In this project, we train our own diffusion models from scratch on MNIST digits. We start with a simple UNet denoiser, then add time conditioning, and finally class conditioning to generate specific digits.
In this section we explore how to use a UNet to denoise MNIST images instead of general images from the diffusion model. We first show how noise is added by visualizing the digit 2 at different noise levels:
We trained the UNet on MNIST with sigma = 0.5. The training loss curve is as follows:
As a comparison of how the UNet performs at different points during training, we show the results after the 1st and 5th epochs on a few examples:
We can see that the UNet performs better after the 5th epoch than the first epoch. This is because the UNet is not able to denoise the image as well after the 1st epoch and still has some extra white traces.
We also tried to denoise images out of distribution by testing various values of sigma from 0 to 1. The results for 3 examples are as follows:
We can see that the UNet has a higher loss but the training loss seems to be relatively stable.
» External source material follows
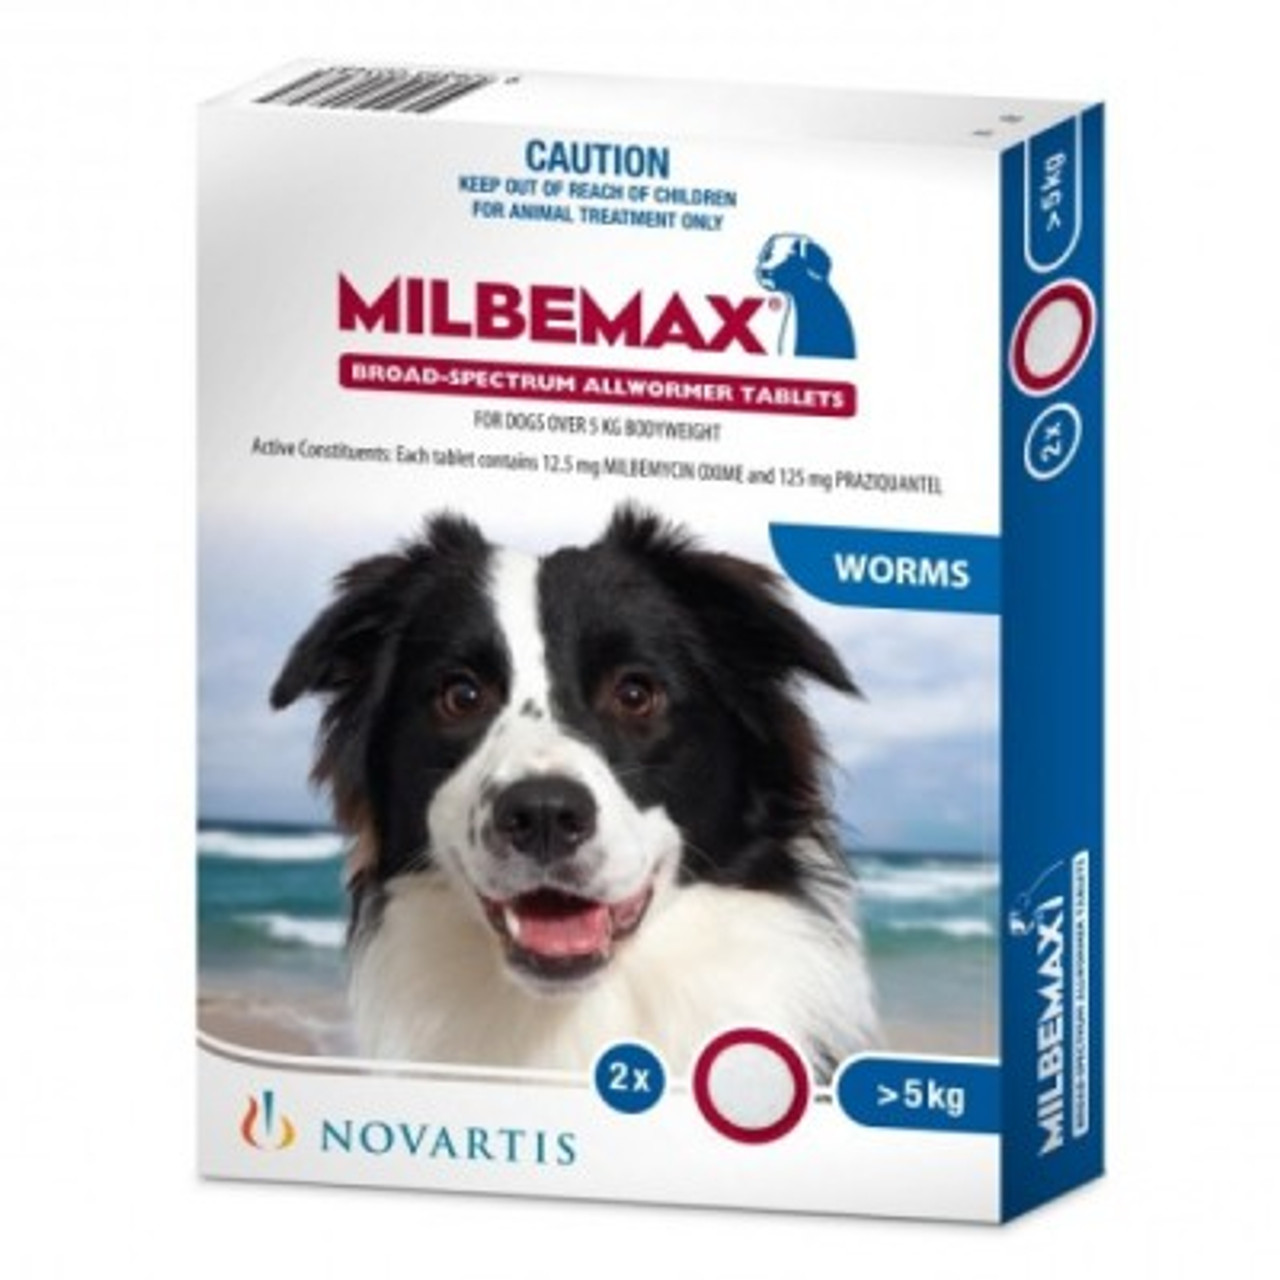 Milbemax tab vermifuge spectre large chien 5 kg et plus 2 comprimés
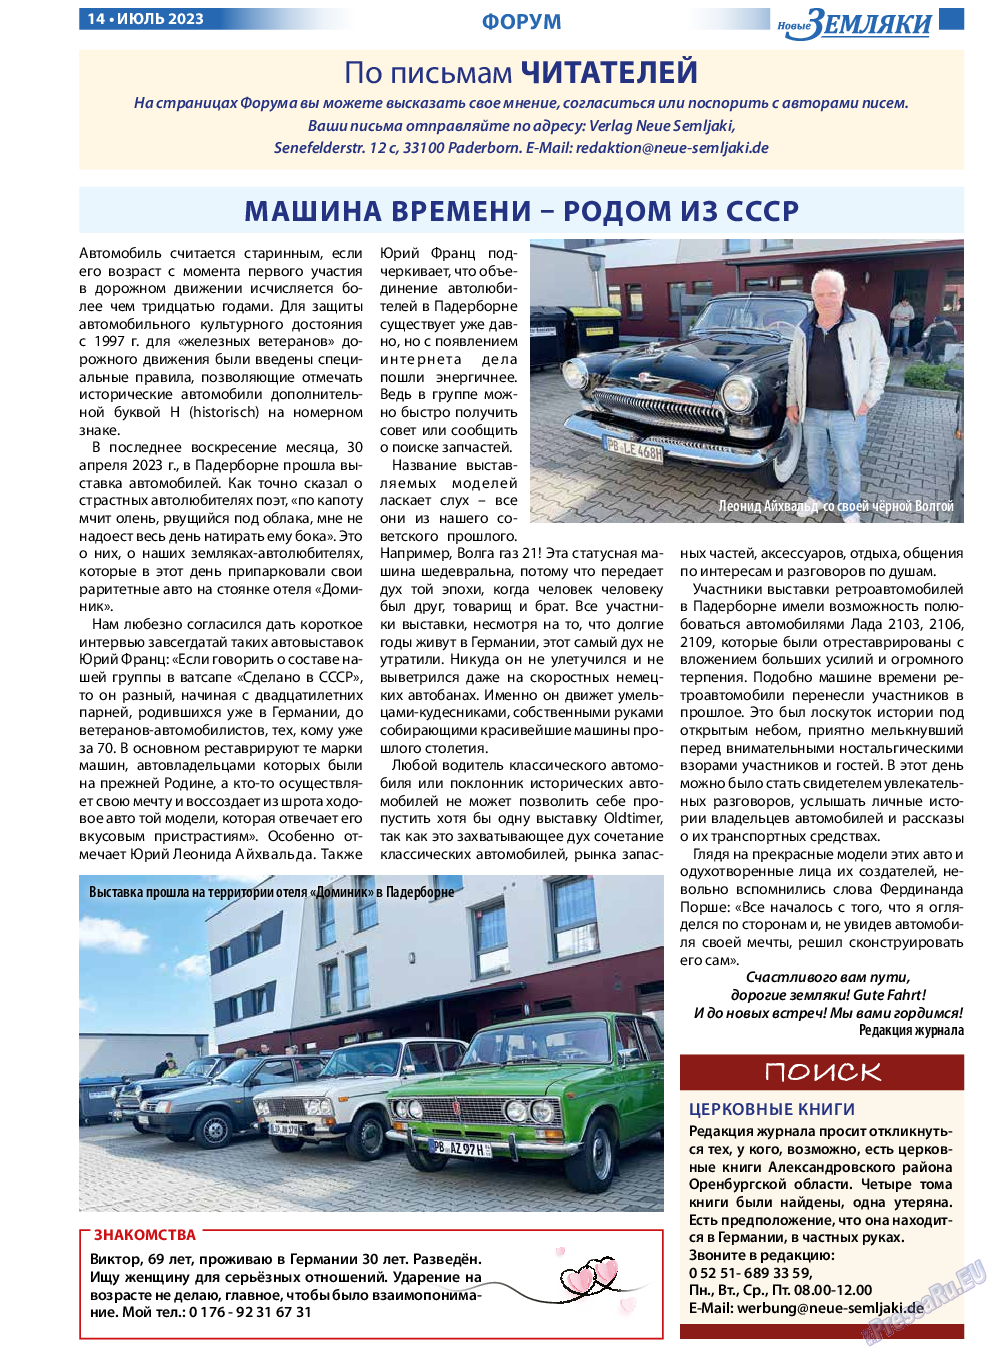 Новые Земляки, газета. 2023 №7 стр.14

We tried to denoise pure noise by training the UNet on pure noise. The training loss curve is as follows:
The results for pure noise after the 1st and 5th epochs are as follows:
We see that epoch 5 is a bit less blurry but all of the outputs look the same for a given epoch. I think that because the input does not provide any information at all, the UNet learned to just not use the input and output a constant image that is the closest to the average of the training data (it looks like all of the digits where it is more light when there are more digits going through it).
We first show the training loss curve for the time-conditioned UNet:
We trained a time-conditioned UNet to help provide extra context for the denoising process. By having this extra time parameter, it gives the UNet more information about how much noise there is and thus helps it decode. Here are the results after training for 1, 5, and 10 epochs:
We can see that the time-conditioned UNet struggles to generate digits even after 10 epochs where it has stabilized in training loss. I think this may be due to not knowing which digit to generate since the UNet will likely just generate a "random" looking digit. Note that it is better than the pure noise model as the time parameter provides some context and so it looks less noisy.
We now give the model even more context: we tell the UNet the class of the image (what digit it is) and see how it affects performance as well as sampling. If this works, it would let us generate chosen digits from the UNet instead of random digits.
We first show the training loss curve for the class-conditioned UNet:
We can see that the loss decreases over time, indicating that it does better on the training data.
We show the sampling results for the class-conditioned UNet, generating 4 instances of each digit:
We can see that the class-conditioned UNet is able to generate the digits much earlier into the training than the time-conditioned UNet. It seems that this extra piece of information is enough to help the UNet converge faster.